Vintage AC30's are very prone to tube failure due to how hot they run. I had a tech install a 4"x4" fan at the bottom of my chassis to move the hot air through the vents and it seems to run less hot than your typical AC30. 



hardasmum said:


> I always thought vintage AC30's were prone to failure because they ran so hot.


----------



## zdogma (Mar 21, 2006)

TWRC said:


> Vintage AC30's are very prone to tube failure due to how hot they run. I had a tech install a 4"x4" fan at the bottom of my chassis to move the hot air through the vents and it seems to run less hot than your typical AC30.


You try these? http://www.thetubestore.com/Tubes/EL84-6BQ5-Tube-Types/Preferred-Series-7189-Premium-EL84

I put these in my old AC30 and my Matchless and not one tube failure in 2 years. They sound pretty much the same but seem to be a lot more durable.


----------



## keithb7 (Dec 28, 2006)

Most failure prone amps? Mint looking vintage closet queens , all stock with 50 or 60 year old parts. Darn it they always need repairs right from the day it is dropped off by the UPS guy. 
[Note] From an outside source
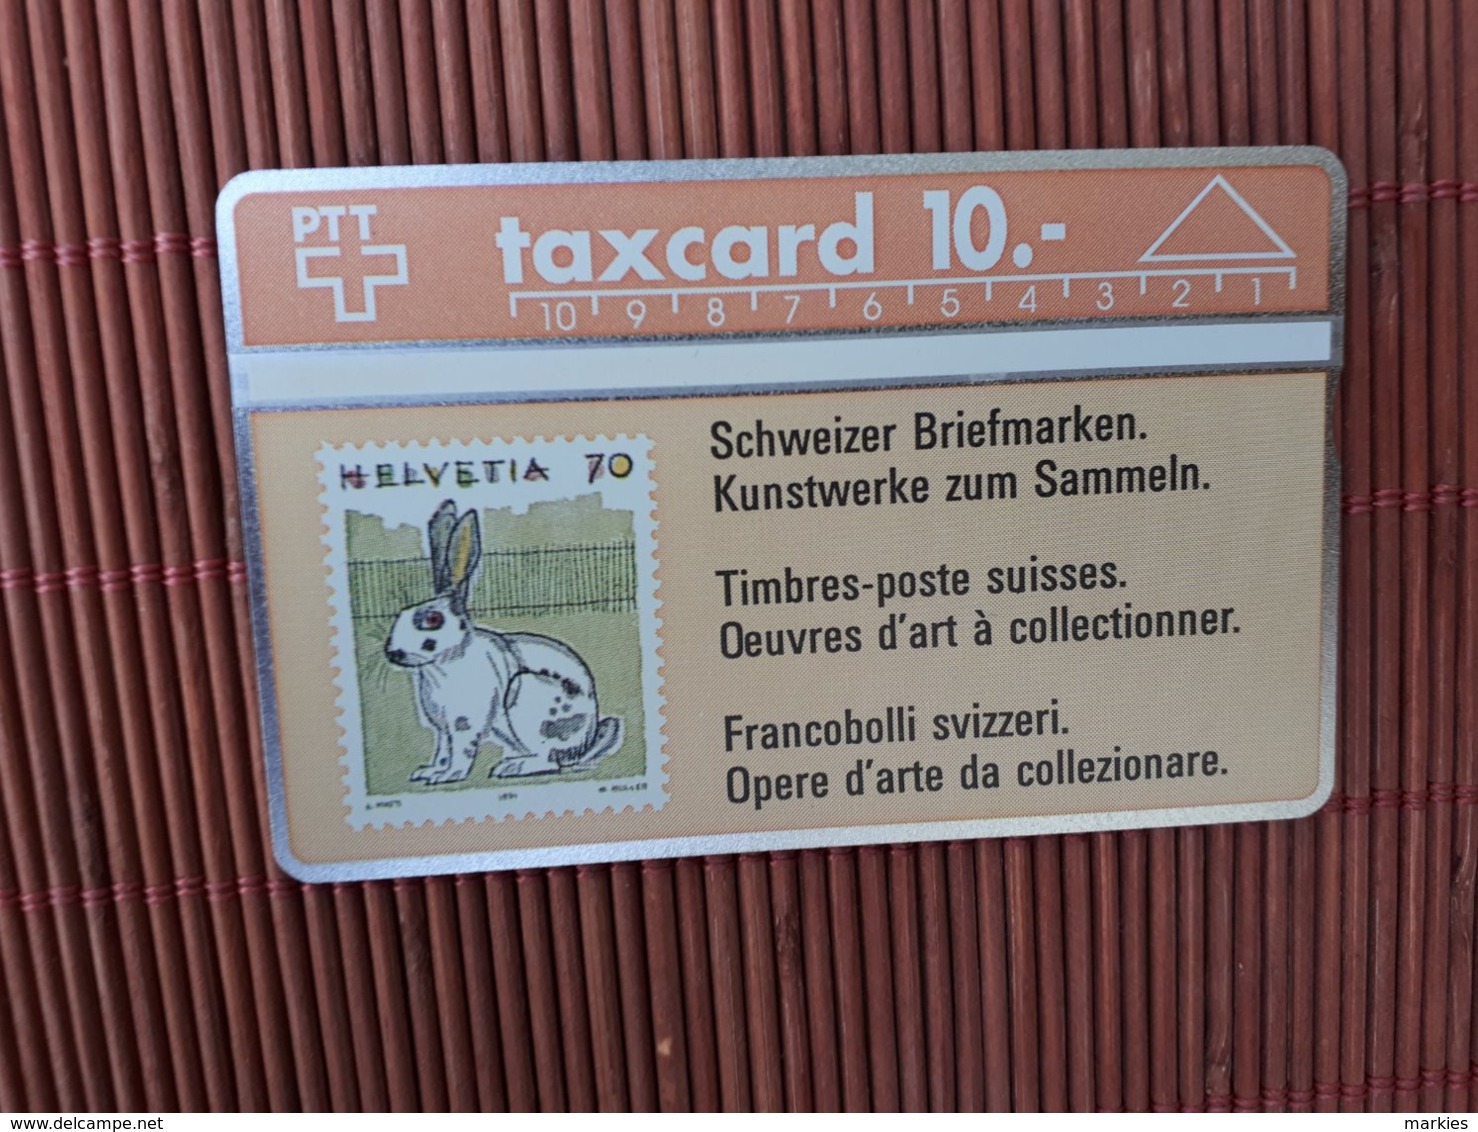 Phonecard PZwitserland 202C (Mint,Neuve) Rare - Suisse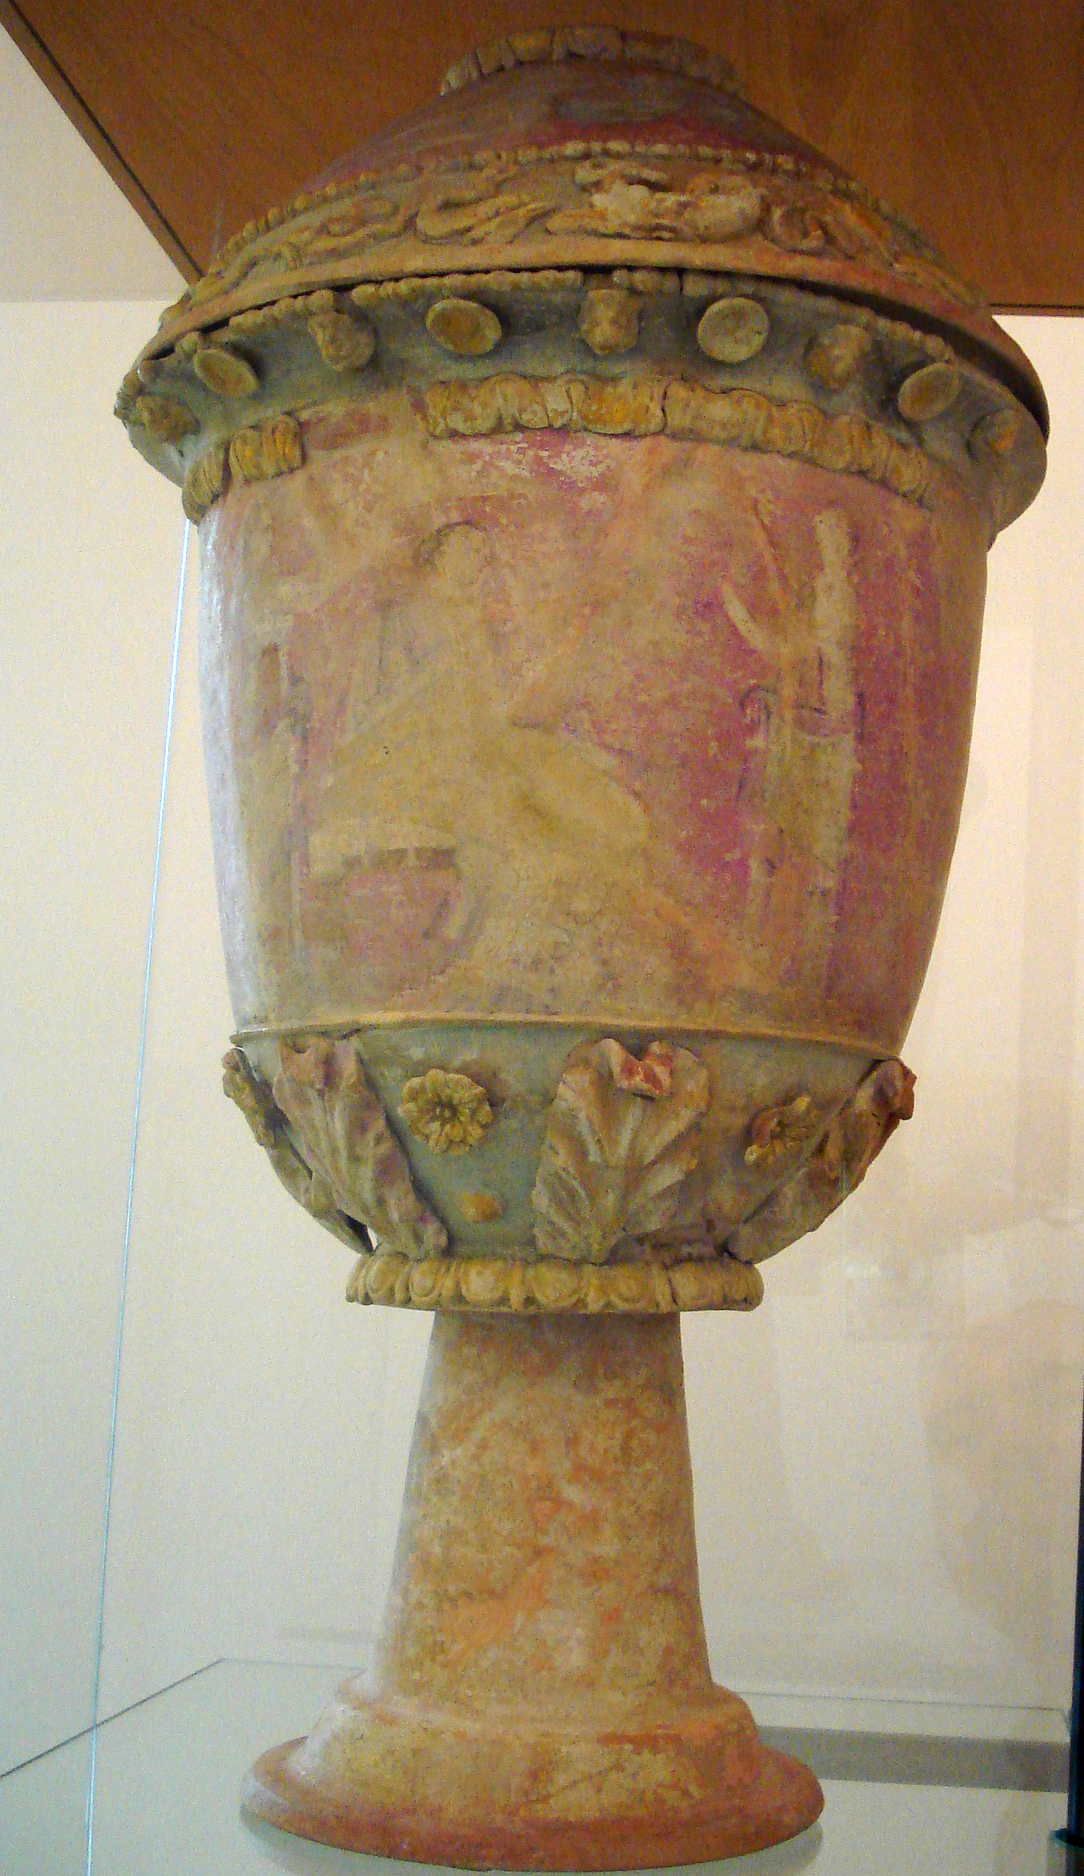 File:Vasi terracotta.jpg - Wikipedia

Seriously though in my experience, solid state Fenders that I once owned. Like the Princeton Chorus and Ultra Chorus. Pots on the front like the blackface design. However pots and jacks are hard wired on to the PCB. 
A few bumps? Broken.


----------



## Lincoln (Jun 2, 2008)

I used to know a guy that had a brand new Crate V something.......fairly recent. I believe about 18 watts, had tubes & 2 x 12's. I don't think he ever made it through a jam without it going "fizzle" or "sizzle" and then getting real quiet. He had it in for service so many times we lost track. It's gone now.


----------



## dtsaudio (Apr 15, 2009)

That would be the V33 or V18. 
Up until recently I was a service tech for Crate. That whole line had issues. If you blew a tube you blew the power supply.
The things have a switch mode supply that is just borderline.
The sad thing is they sound great when they work.
BTW if anybody owns one I have a fix for the power supply.


----------



## Intrepid (Oct 9, 2008)

GuitarsCanada said:


> There was a version of the Marshall DSL 401 that was notorious for running hot. Lot of people installed fans in them


I have one and installed a fan. No worries. Sounds great too.


----------



## LydianGuitars (Apr 18, 2013)

Intrepid said:


> I have one and installed a fan. No worries. Sounds great too.


and you should also install a properly spec'd bridge rectifier.


----------



## nonreverb (Sep 19, 2006)

dtsaudio said:


> That would be the V33 or V18.
> Up until recently I was a service tech for Crate. That whole line had issues. If you blew a tube you blew the power supply.
> The things have a switch mode supply that is just borderline.
> The sad thing is they sound great when they work.
> BTW if anybody owns one I have a fix for the power supply.


I don't think I've had the misfortune of working on one of those......yet.
There was one called the Crate Blue Voodoo series. It was possibly the worst tube amp I've had the displeasure of working on. One giant board littered with halo solder cracks and soldering them risked detaching the solder pad from the board...a nightmare.


----------



## dcole (Oct 8, 2008)

nonreverb said:


> I don't think I've had the misfortune of working on one of those......yet.
> There was one called the Crate Blue Voodoo series. It was possibly the worst tube amp I've had the displeasure of working on. One giant board littered with halo solder cracks and soldering them risked detaching the solder pad from the board...a nightmare.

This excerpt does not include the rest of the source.